• [AIM OF THE EXERCISE]:
In your copy of the data, keep every word exact and include no pictures.

• [INFORMATION SHOWN]:
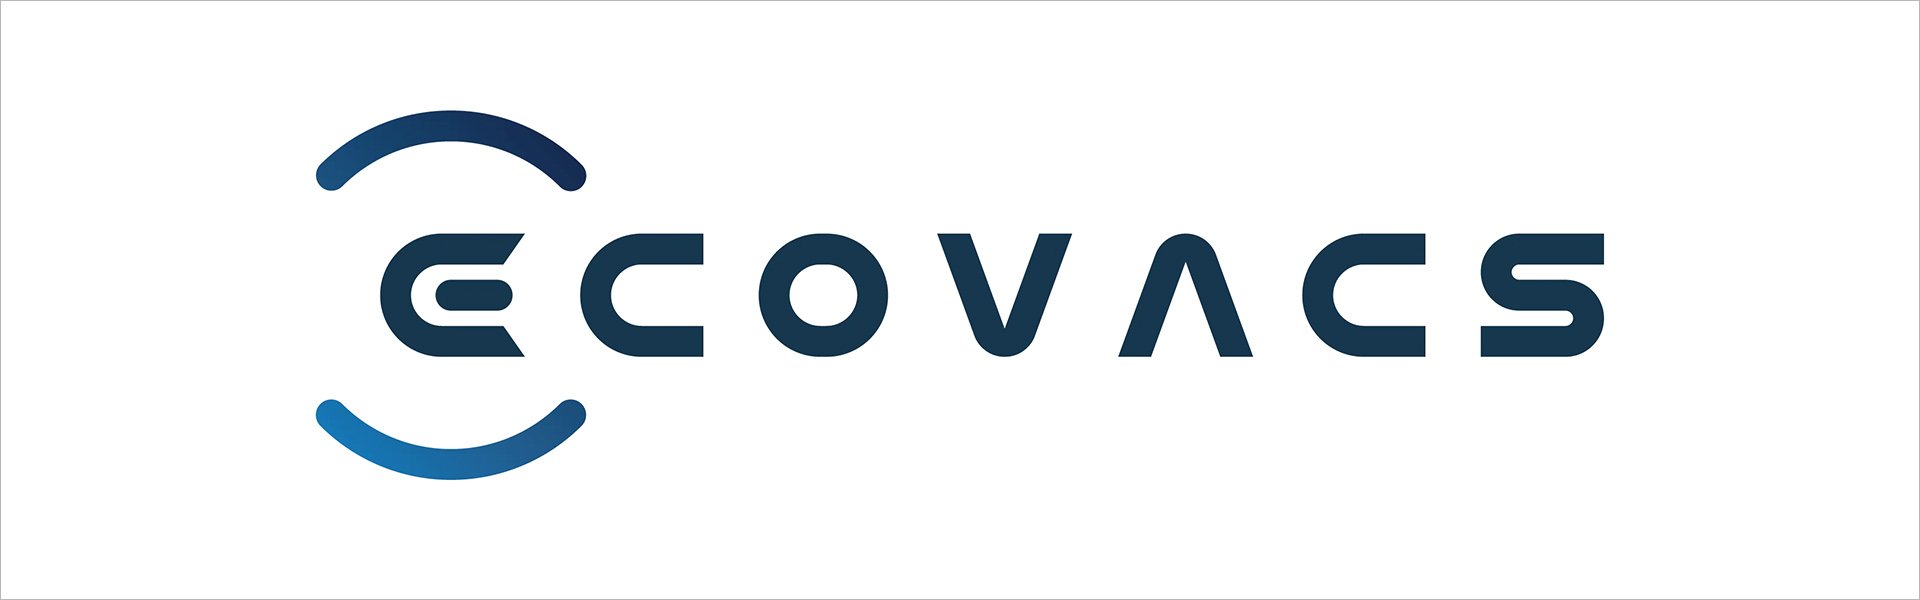 Ecovacs Winbot X ECOVACS
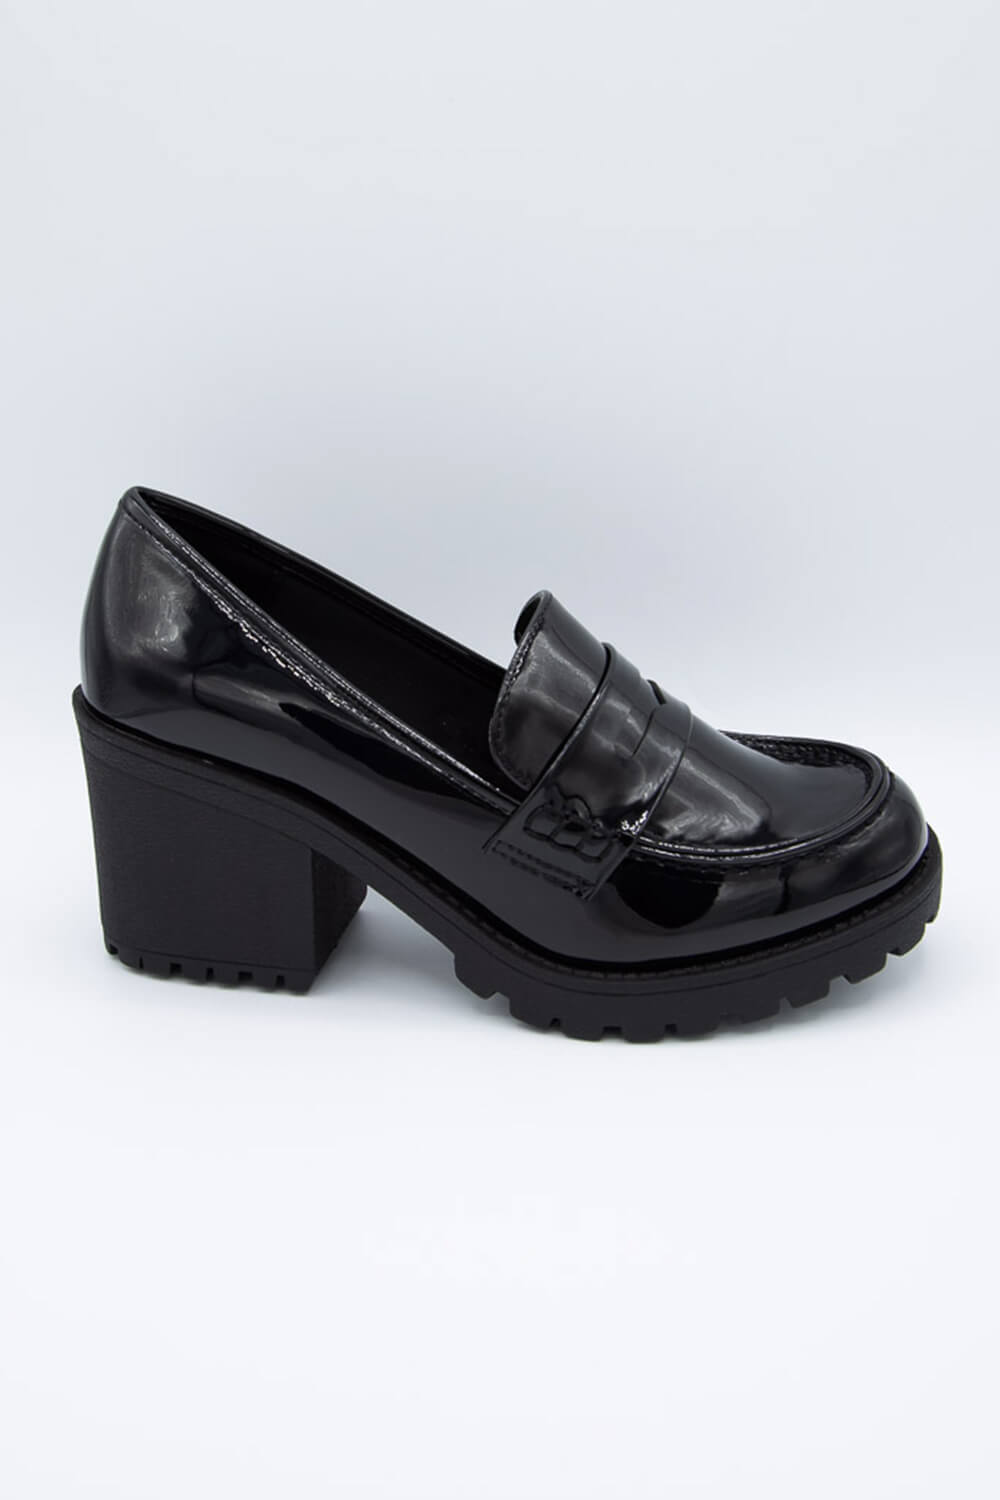 Soda Shoes Kinder Heel Loafer for Women in Black | KINDER-S BLACK – Glik's
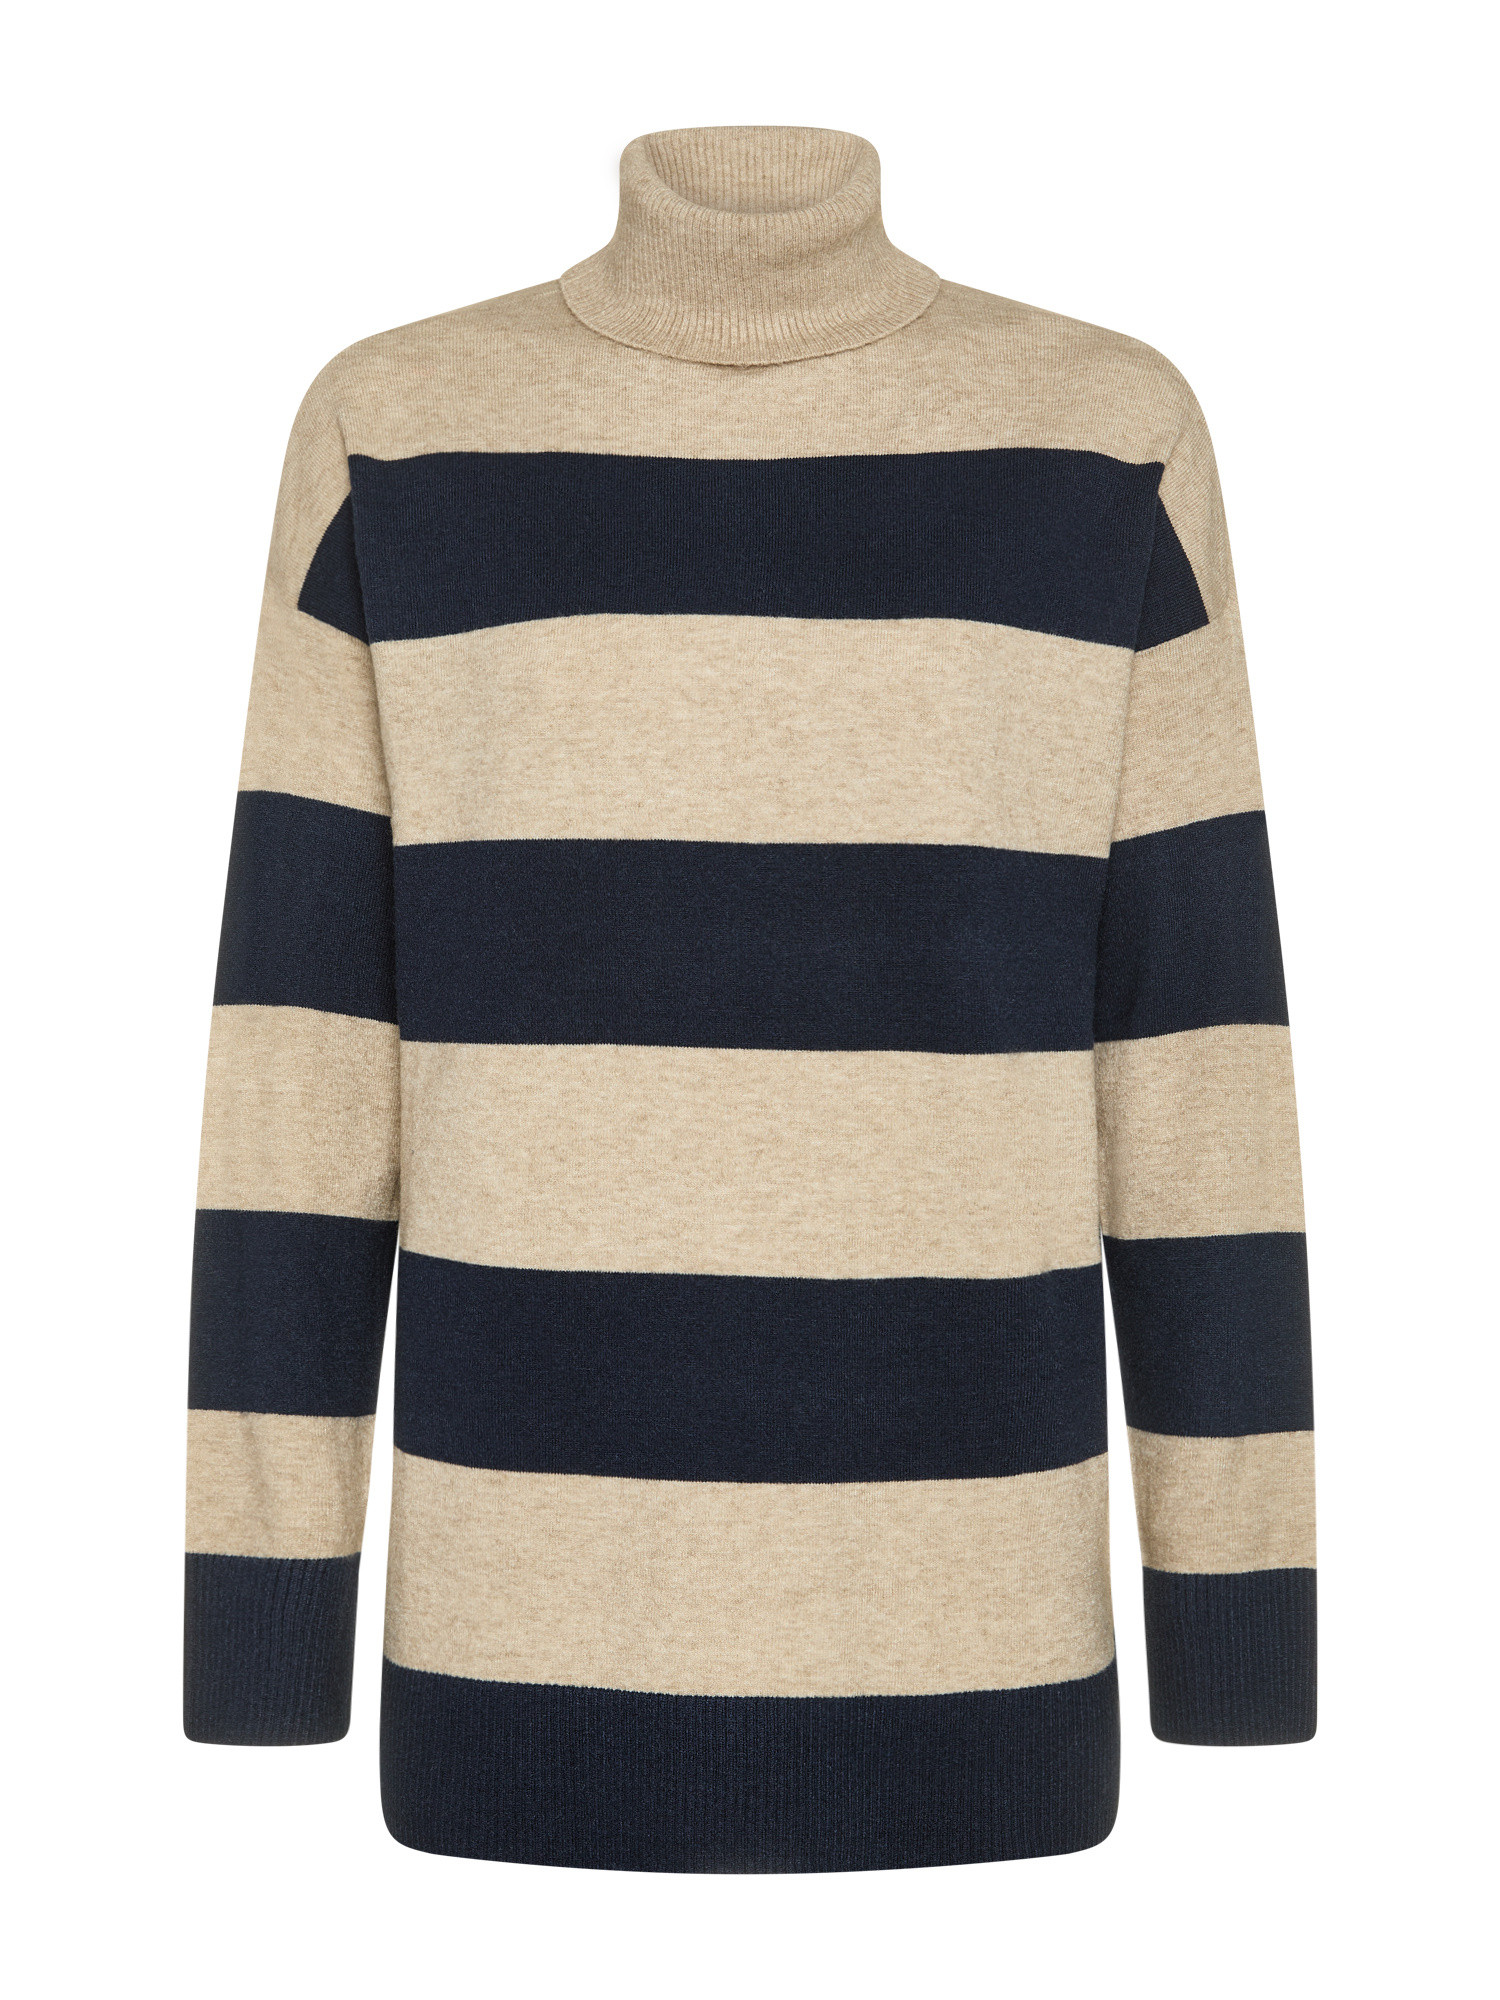 Only - Striped knit turtleneck, Light Beige, large image number 0

• [FINISHED TASK]:
 Ecovacs Winbot X ECOVACS
 Soda Shoes Kinder Heel Loafer for Women in Black | KINDER-S BLACK – Glik's
 Only - Striped knit turtleneck, Light Beige, large image number 0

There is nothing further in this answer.